- DATA BLOCK:
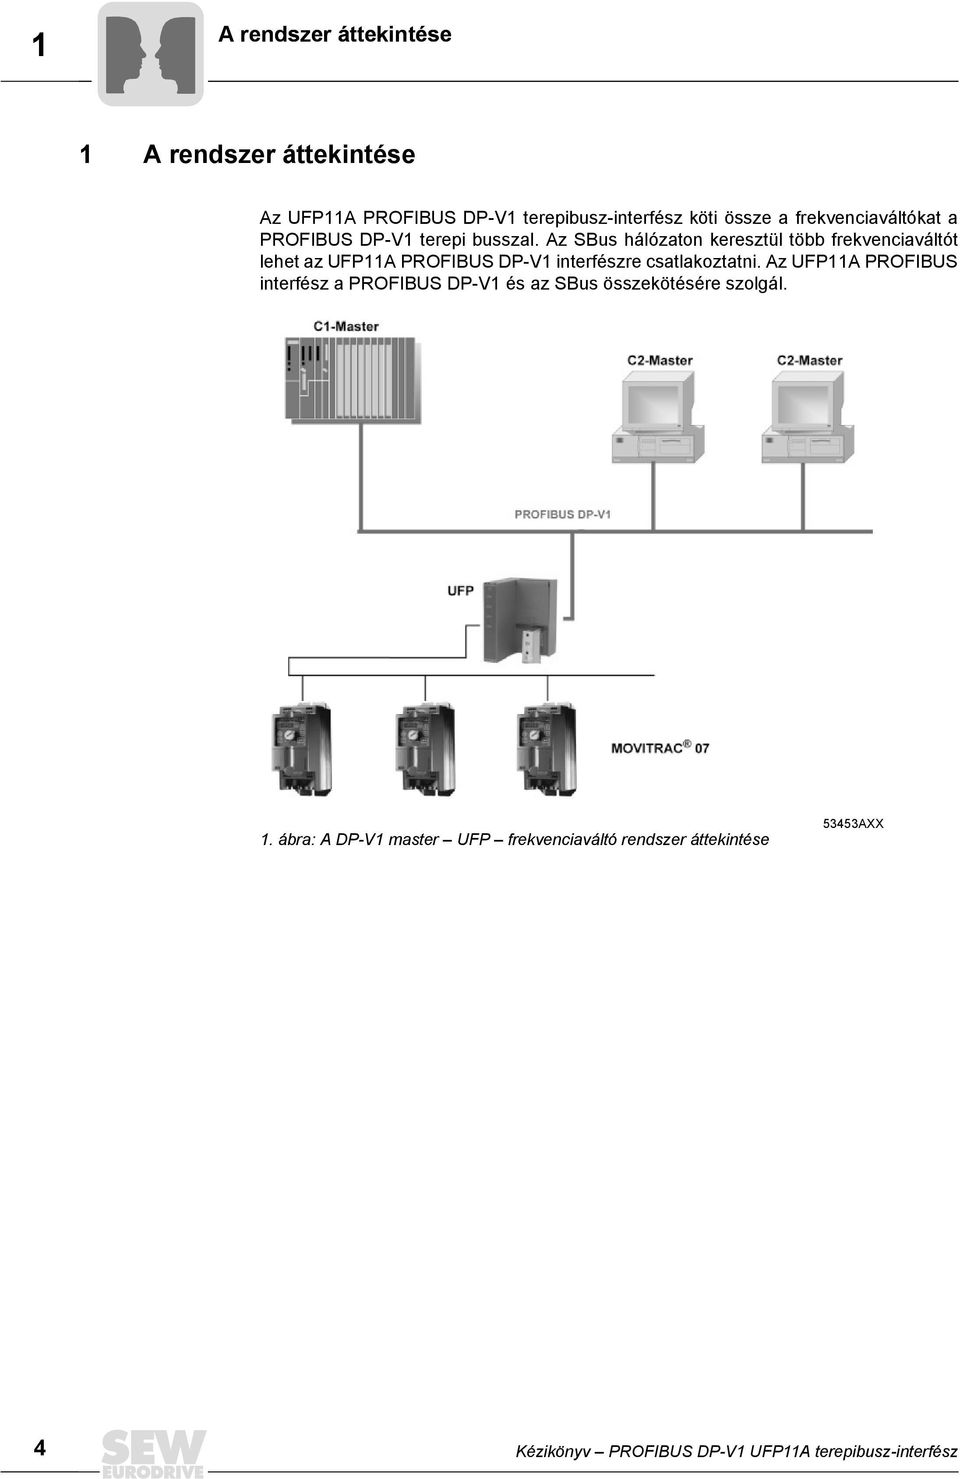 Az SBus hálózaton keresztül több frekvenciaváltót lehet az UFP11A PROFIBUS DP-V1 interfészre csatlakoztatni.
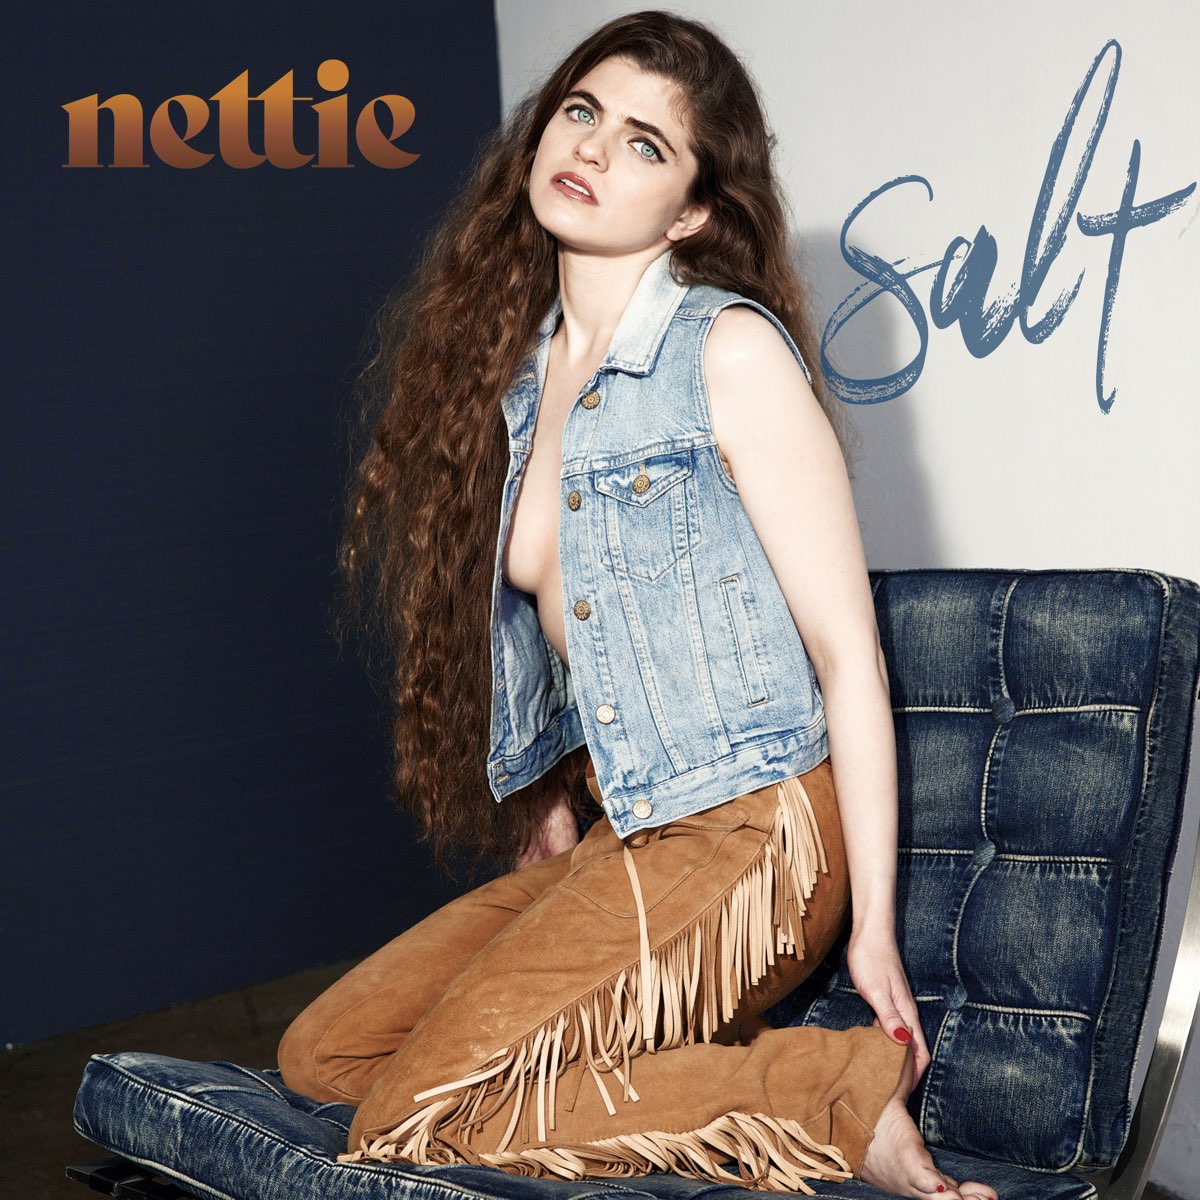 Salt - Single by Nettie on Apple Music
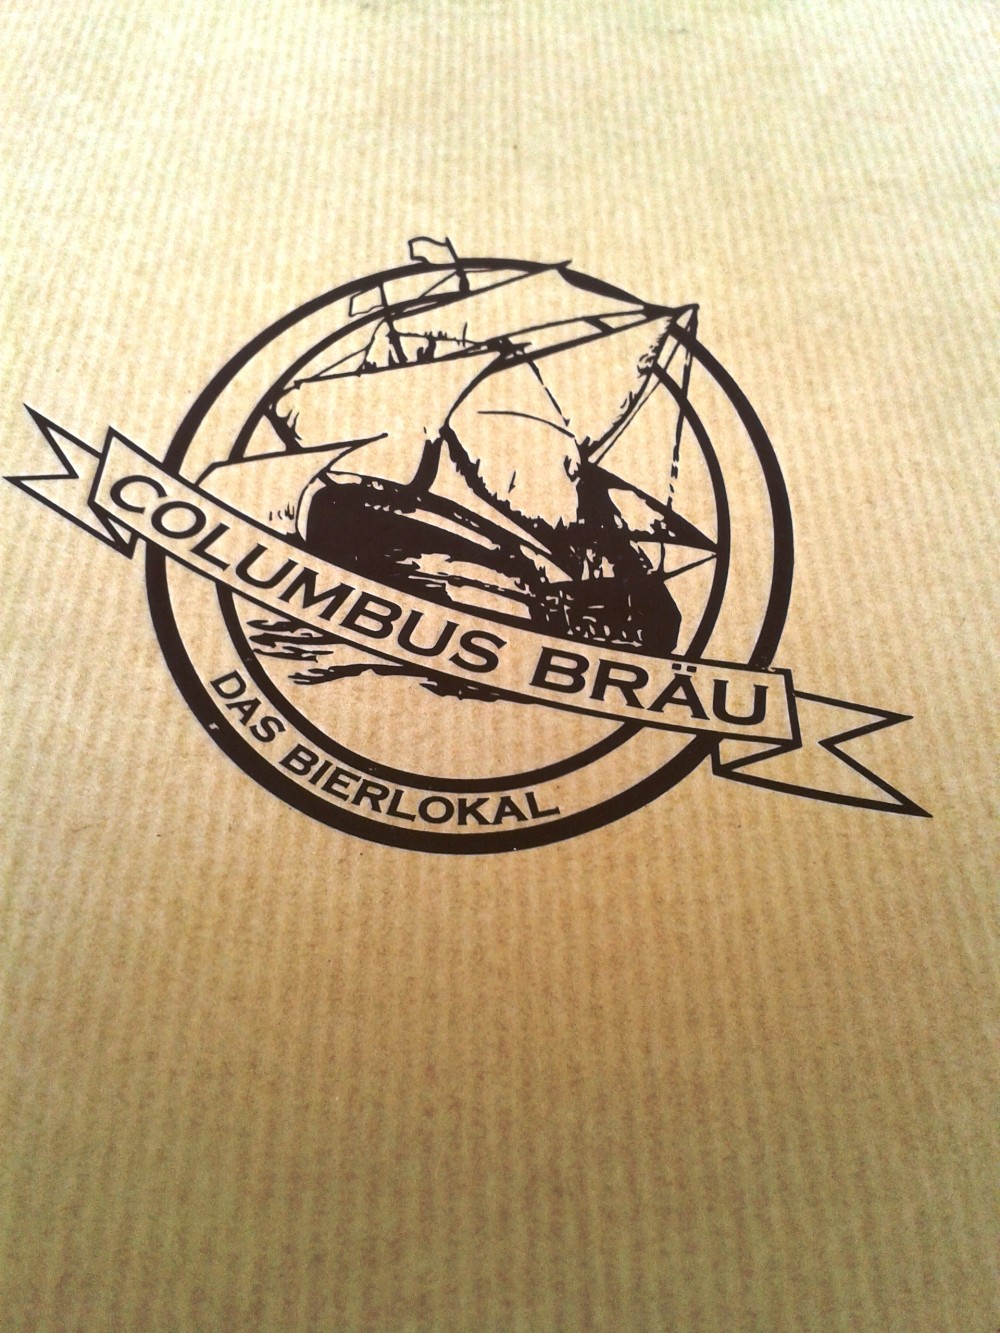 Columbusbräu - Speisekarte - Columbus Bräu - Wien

- WHAT YOU NEED TO DO: Would you reproduce each line of the material exactly, omitting the images?

- YOUR SOLUTION:
 Az SBus hálózaton keresztül több frekvenciaváltót lehet az UFP11A PROFIBUS DP-V1 interfészre csatlakoztatni.
 Salt - Single by Nettie on Apple Music
 Columbusbräu - Speisekarte - Columbus Bräu - Wien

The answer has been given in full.